Maghar, in the north of the country, on Tuesday became Israel’s first Druze city as Interior Minister Ayelet Shaked upgraded its status from local council.

Shaked made the announcement during a meeting with leaders of Druze and Circassian local authorities in the Druze town of Sajur, taking Maghar Mayor Fareed Ghanem, who was sitting next to her, by surprise.

“In my opinion, any local authority that proves itself in development, streamlining organizational processes, economic growth and increasing self-income will receive assistance from us in growing and creating new capabilities,” Shaked said at the meeting.

Maghar, she said, had “proven itself.”

The development, she added, is further proof of the “courageous and strong ties between the Druze and Jewish peoples.”

An Interior Ministry committee had recommended the change from a local council to city status due to the implementation by Maghar authorities of “planning, economic, and organizational processes” that meet ministry requirements for the change.

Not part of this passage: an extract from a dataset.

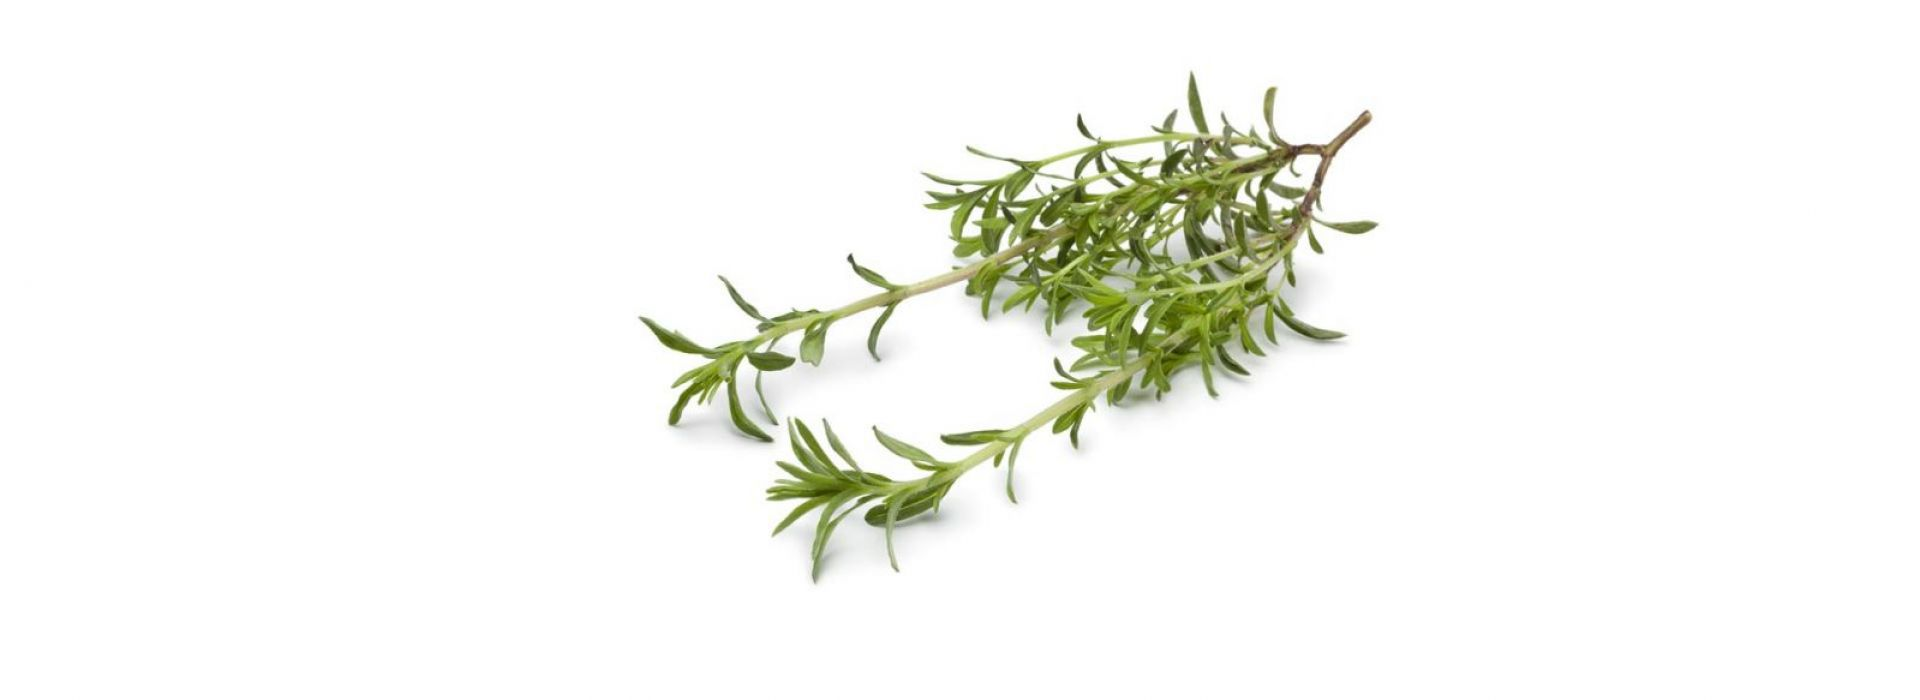 Herb Savory

Maghar, with a Druze majority alongside Christian and Muslim minorities, has a population of around 24,000 people, with development plans that are expected to see that number rise to 30,000 in the coming years.

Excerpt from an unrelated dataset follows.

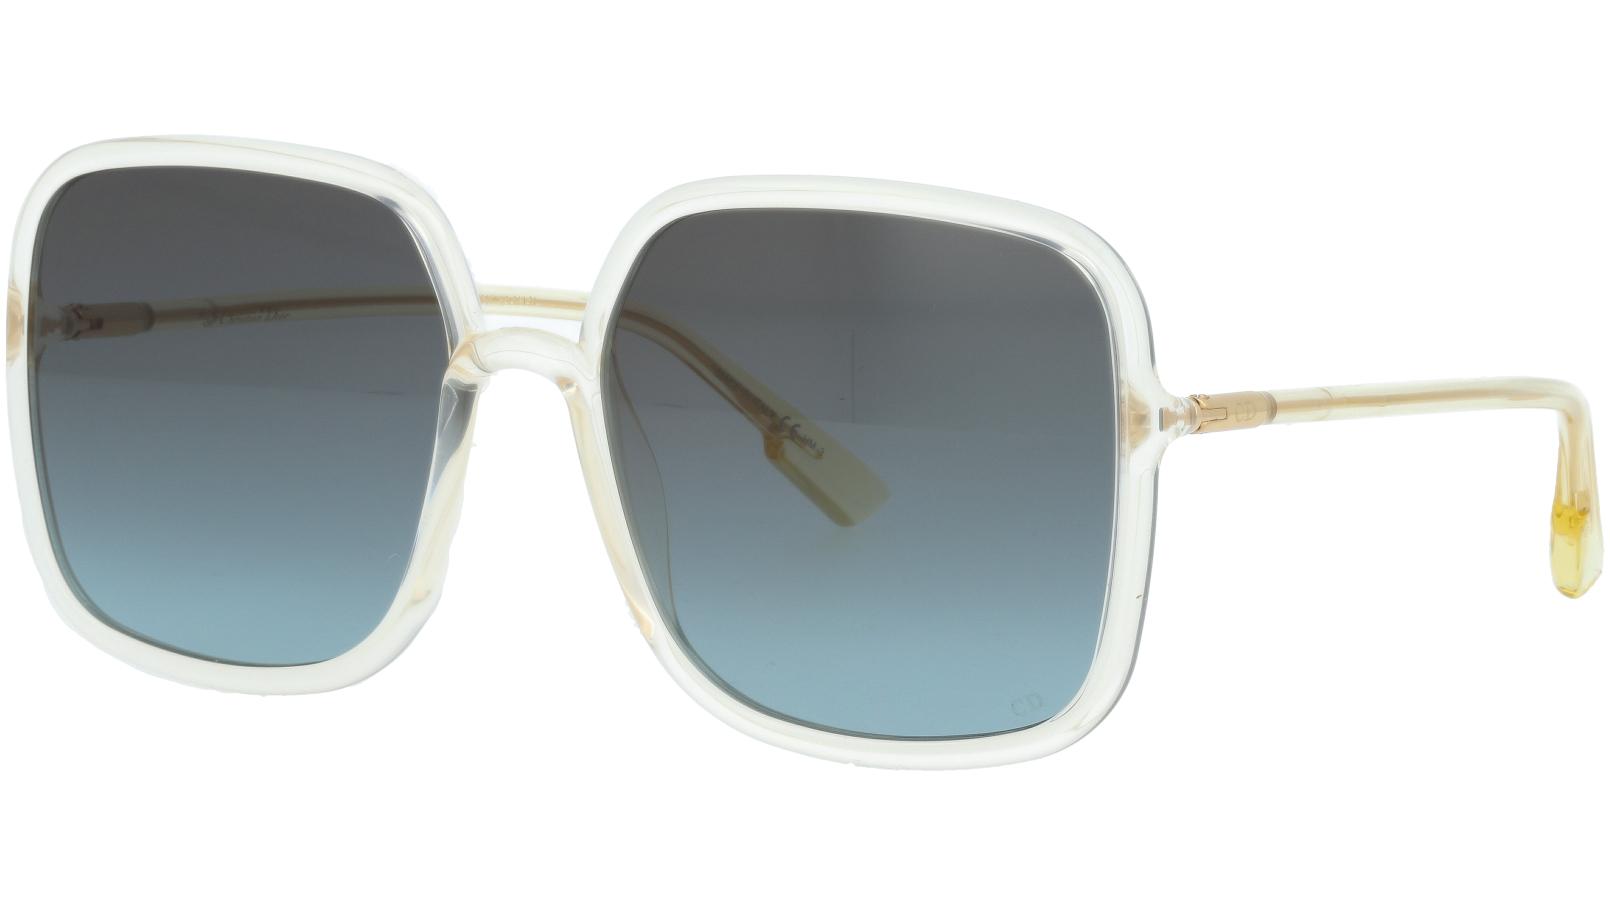 DIOR SOSTELLAIRE1 KB790 59 GREY Sunglasses

It is the hometown of MK Mansour Abbas, leader of Ra’am, an Arab party that is in the governing coalition.

Abbas himself had asked for the change to Maghar’s status, the Kan public broadcaster reported Tuesday, citing Ra’am sources.

Ra’am has also asked that the Arab towns of Kafr Kanna and Yafa an-Naseriyye in the Lower Galilee be declared cities, the sources said.

A statement on behalf of Shaked to the station said that Maghar becoming a city “was an initiative and decision of the interior minister” and that Abbas had been updated on the development.

The Druze population, numbering about 140,000 out of Israel’s 9.5 million people, are respected for their military service. The overwhelming majority of those eligible serve in the IDF.

Mansour Abbas, head of the Islamist Ra’am party, speaks to a crowd in the northern town of Maghar on March 26, 2021. (Ahmad Gharabli/AFP)

Ra’am, the first Arab party to enter the government in decades, has used its unique position to push for an end to neglect in Arab communities.

It has threatened to vote against the government if commitments made in coalition agreements are not kept.

Last week it was reported that Ra’am had clashed with Shaked over funding for Arab locales, which Ra’am has been fighting for.

The squabble was resolved as a November deadline to pass a national budget looms.

The governing coalition is made up of just 61 members, giving it the thinnest possible majority in the 120-seat Knesset and giving Ra’am or any other party the power to bring down the government by pulling out of it.

Failure to pass the budget in second and third readings in the Knesset plenum by a November 14 deadline would automatically dissolve parliament and trigger elections.